Chief Justice Yeboah said technology continued to be part and parcel of human life, adding that global changes in technology usage and digitalisation had reached a level those who paid lip service would be left behind.
“We at the judiciary and the judicial service are tapping into opportunities in ICT, especially through the e-Justice system, to enhance our work and to meet globally acceptable standards.”
The Chief Justice who administered on the Magistrates three oaths namely Oath of Allegiance, Judicial oath and Oath of Secrecy, told them that the oaths indicated a call to duty and they ought to play their part effectively in the country’s justice dispensation.
He told the magistrates that their actions should reflect fairness and equity to all manner of persons who appear before them, adding, the role of the bench in maintaining the sanctity of society could not be overemphasised.
According to Chief Justice Yeboah, the Judiciary and the Judicial Service could be likened to a glue holding society together.
“It is in this regard that trust and confidence in the justice system are key in your rulings, especially, as most of the cases are initiated at the lower Court while the district Courts are the first point of call to majority of our citizens who seek court services.”

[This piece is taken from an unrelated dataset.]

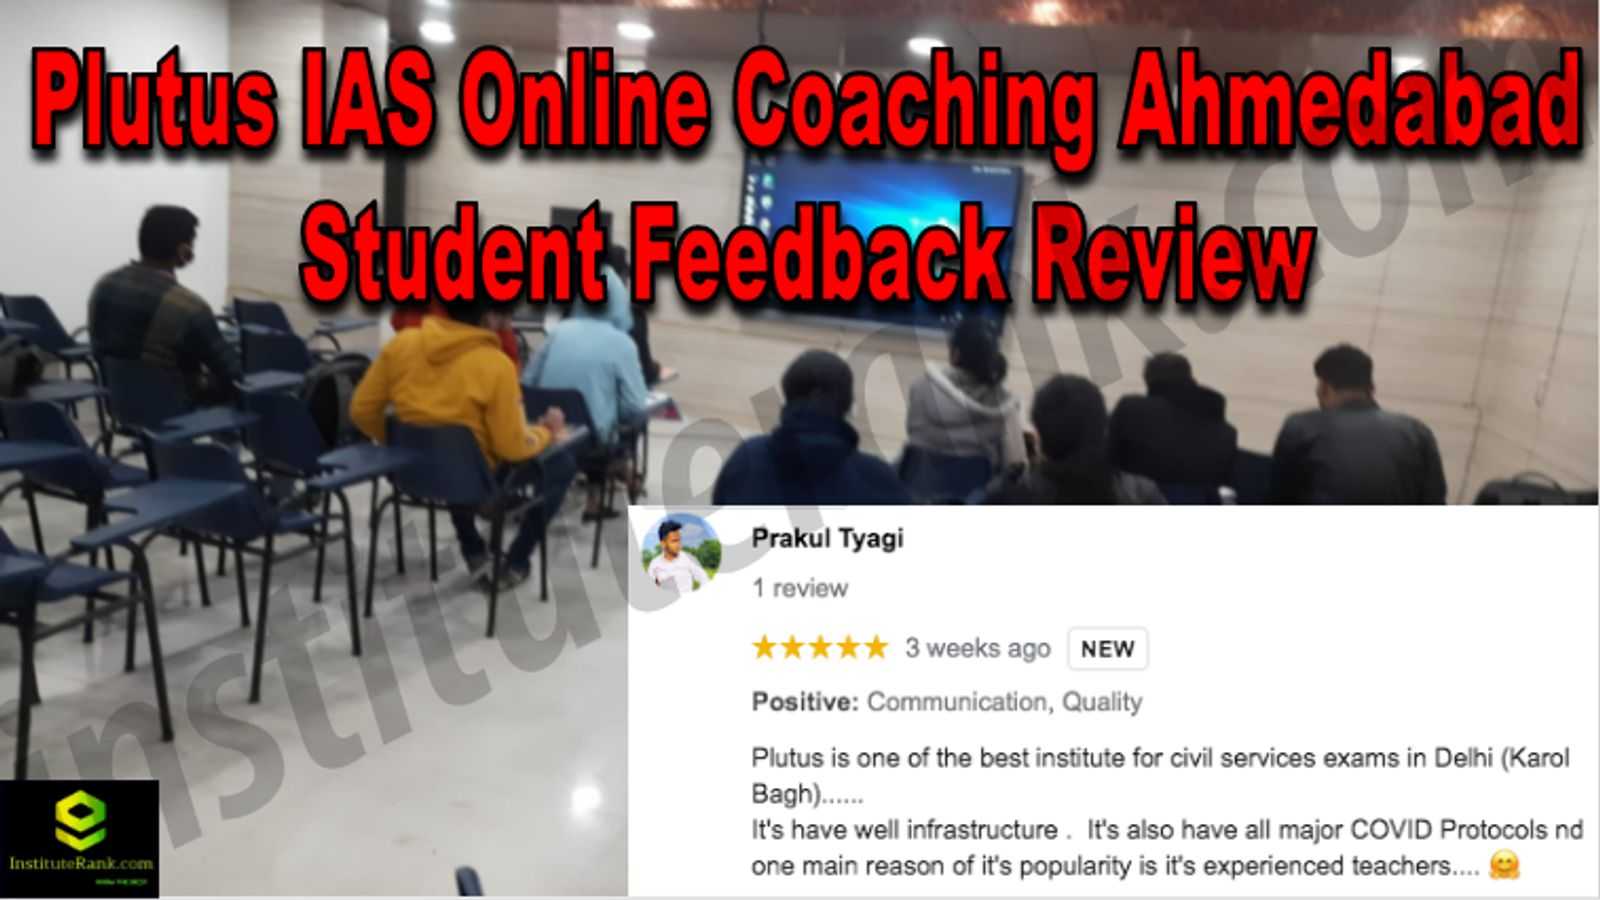 Plutus IAS Online Coaching Ahmedabad Student Feedback Reviews

He said the judiciary must serve as a demotivation to people who would want to take the law into their hands.
“This is because we give them hope that their cases will see expeditious actions at the courts. We are under a heavy burden to promote the rule of law through our rulings.”
Chief Justice Yeboah said as magistrates, they were going to work with lawyers who were partners in justice delivery.

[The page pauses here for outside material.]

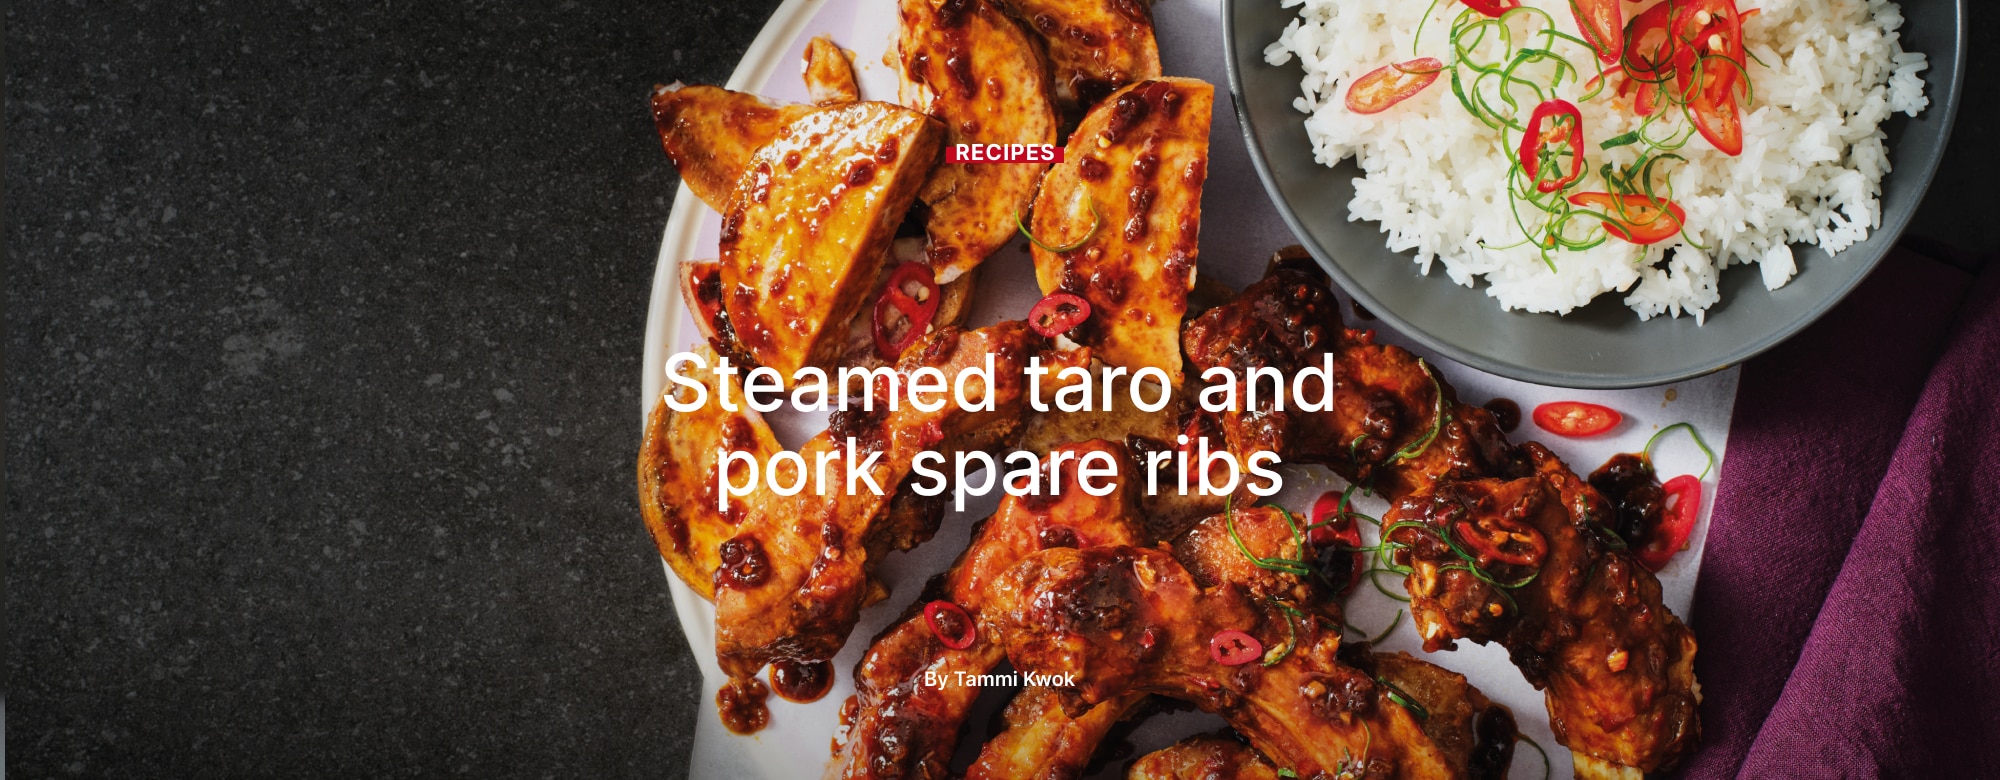 Steamed taro and
pork spare ribs

“Respect them but never fear them in the adjudicating process,” he added.
He further entreated the Magistrates to constantly read and research in order to keep pace with changes in adjudicating cases.
The Chief Justice said the Judicial Service would not leave them alone in their journey of personal development stressing that, “You should take advantage of every learning opportunity.”
Mrs Helen Zewu, Solicitor General who represented the Attorney General, Mr Godfred Yeboah Dame, urged the Magistrates to be prepared to use their expertise and rule of law to serve the country.
Mrs Zewu further tasked them to approach their career with dedication and protect the legitimate interest of litigants.
Mr Yaw Acheampong Boafo, National Secretary,Ghana Bar Association (GBA), congratulated the Magistrates on the assumption of their career path saying the nation, the GBA and others expect so much from them.
Mr Boafo said as Magistrates, their position came with power and authority and urged them to use their power to serve and not to abuse.
He further advised them to put up their best as the public would be judging them based on their decisions whether good or bad.
According to him, people would sometimes behave badly before them but they should restrain himself.
Justice Cynthia Pamela Addo, Judicial Secretary, noted that that commitment to duty and professional excellence on the part of the Magistrate had earned them their roles.
Justice Addo urged them to commit the three oaths they have sworn to their heart and mind and God would held them to deliver justice truthfully.
Mr. Dennis Eyram Fumey, a Magistrate, on behalf of his colleagues, pledged to dispense justice faithfully and honestly.
The Magistrates are Eric Oheneba Antwi-Boasiako, Isaac Osei Asare, Christiana Odarkor Bruce-Ashirifie, Cynthia Emefa Ohene, Maxwell Ofori Kpodo, Victoria Vera Akonu and William Ofori- Aboagye.